In February last year, the ED filed its first charge sheet against the PFI and its student-wing Campus Front of India (CFI) on money laundering charges, claiming its members wanted to “incite communal riots and spread terror” in the aftermath of the 2020 Hathras gang rape case.
Those named in the charge sheet included K A Rauf Sherif, national general secretary of CFI and a member of PFI; Atikur Rahman, national treasurer of CFI; Masud Ahmed, Delhi-based general secretary of CFI; journalist “associated with PFI” Siddique Kappan; and Mohammed Alam, another CFI/PFI member.
In the second charge sheet filed this year, the ED had claimed that a hotel based in the UAE “served” as a money laundering front for the PFI.

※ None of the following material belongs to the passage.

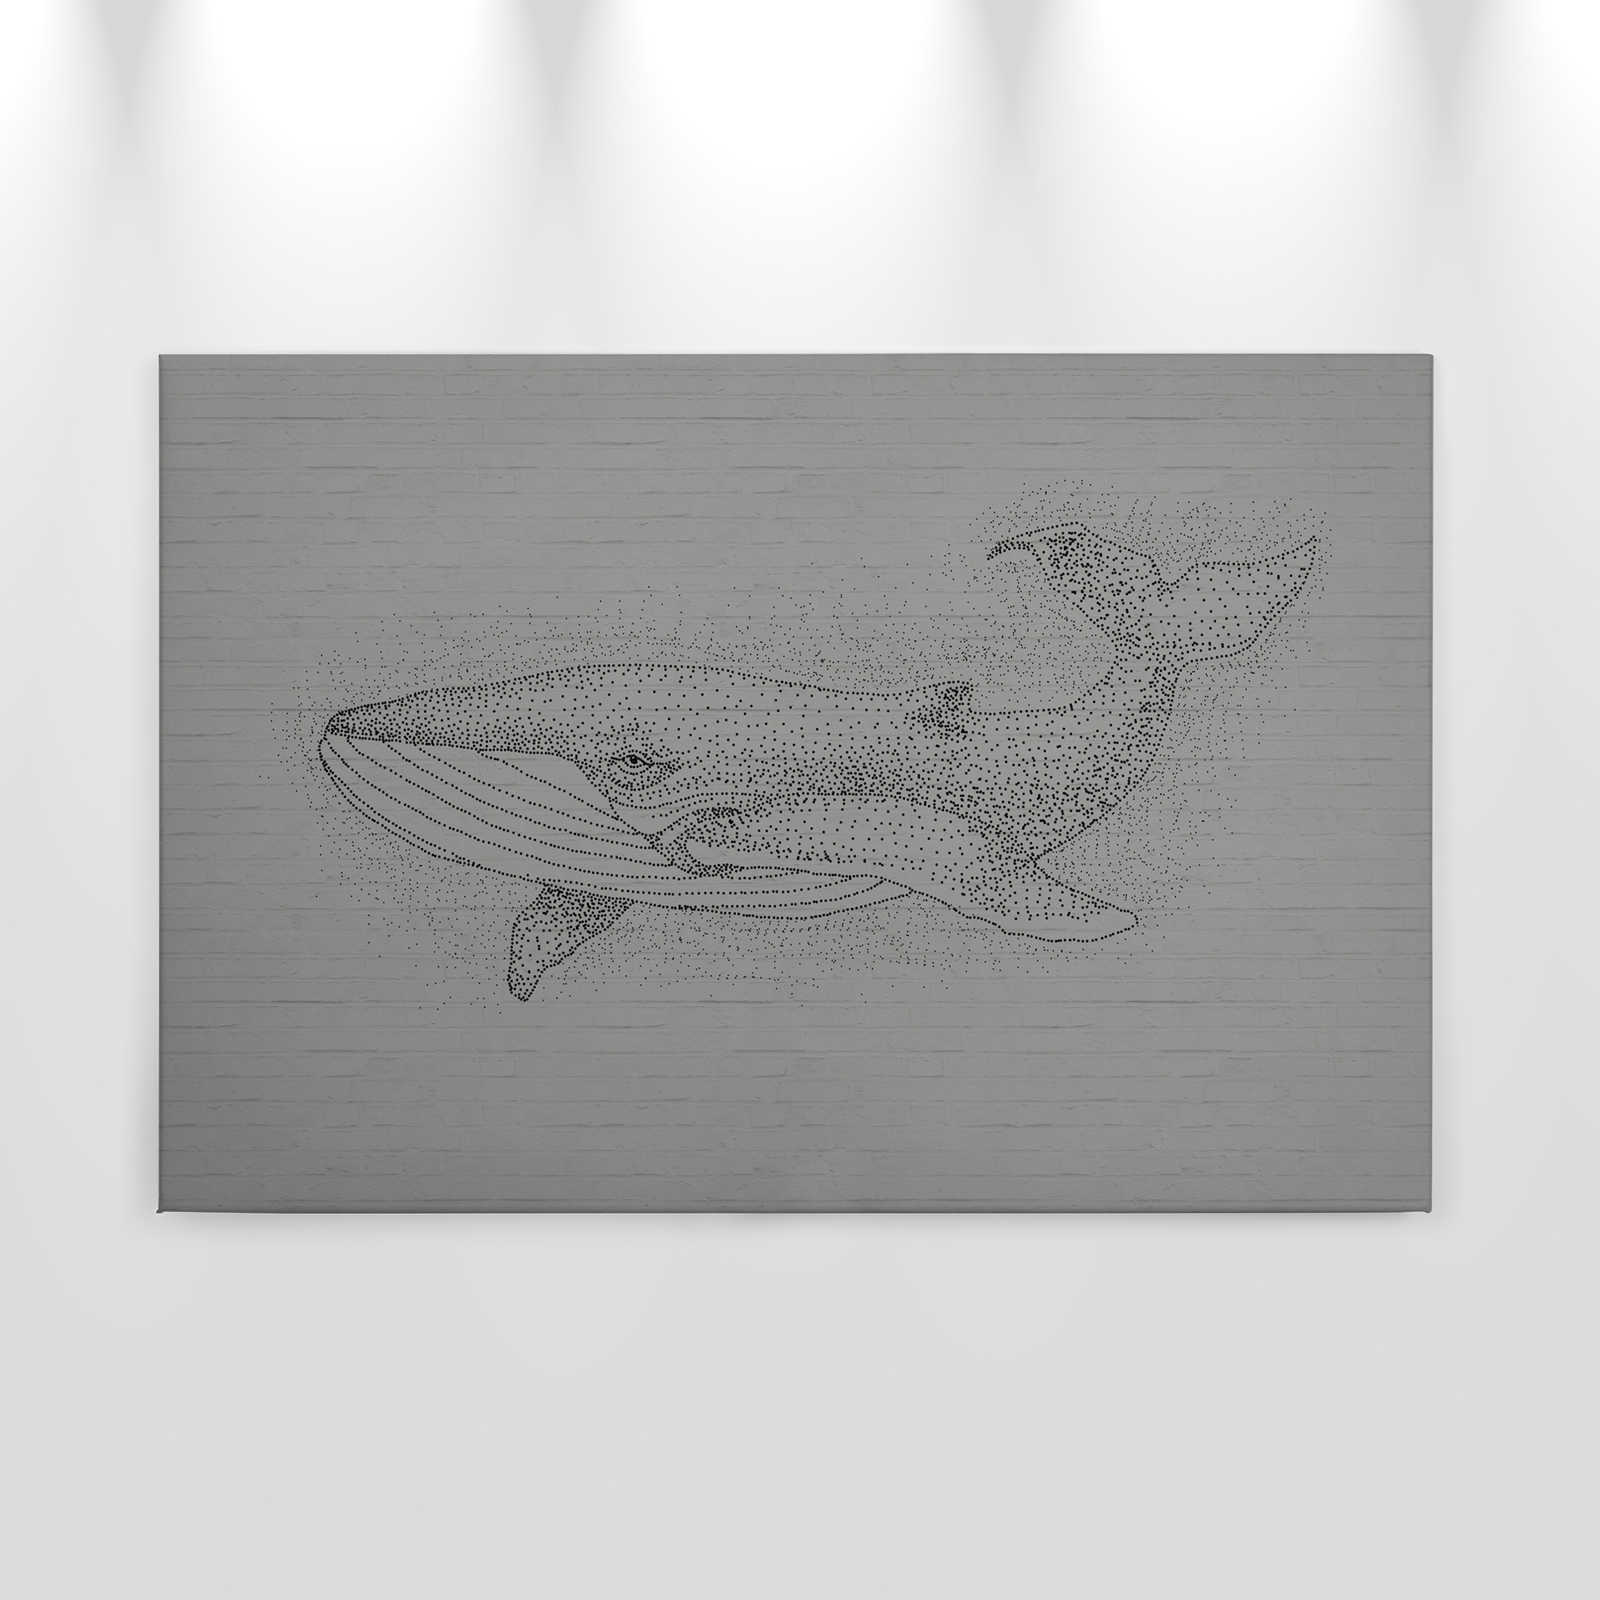             Toile Baleine style dessin sur mur de pierre 3D - 0,90 m x 0,60 m

In Maharashtra, the Anti-Terrorism Squad (ATS) arrested 20 activists of the PFI during the raids conducted in Mumbai, Navi Mumbai, Thane, Aurangabad, Pune, Kolhapur, Beed, Parbhani, Nanded, Malegaon (in Nashik district) and Jalgaon, an official said.
The ATS has registered four offences in Mumbai, Nashik, Aurangabad and Nanded under various Indian Penal Code Sections including 153-A (wantonly giving provocation with intent to cause riots), 121A (conspiring to commit certain offences against the State) and 120B (criminal conspiracy), and provisions of the stringent Unlawful Activities (Prevention) Act (UAPA), he said.
Simultaneous raids were conducted by the NIA in more than a dozen locations in Bengaluru, Mangaluru in Dakshina Kannada district, Kalaburagi, and Sirsi in Uttara Kannada district, official sources said.
As the offices were being raided, many Muslim youth gathered and raised ‘NIA go back’ slogans at some places.
They also tried to hinder the raids at some locations, but the police thwarted their attempt by taking them into preventive custody.
Police sources said the NIA team seized documents, literature, computers, laptops and phones as well.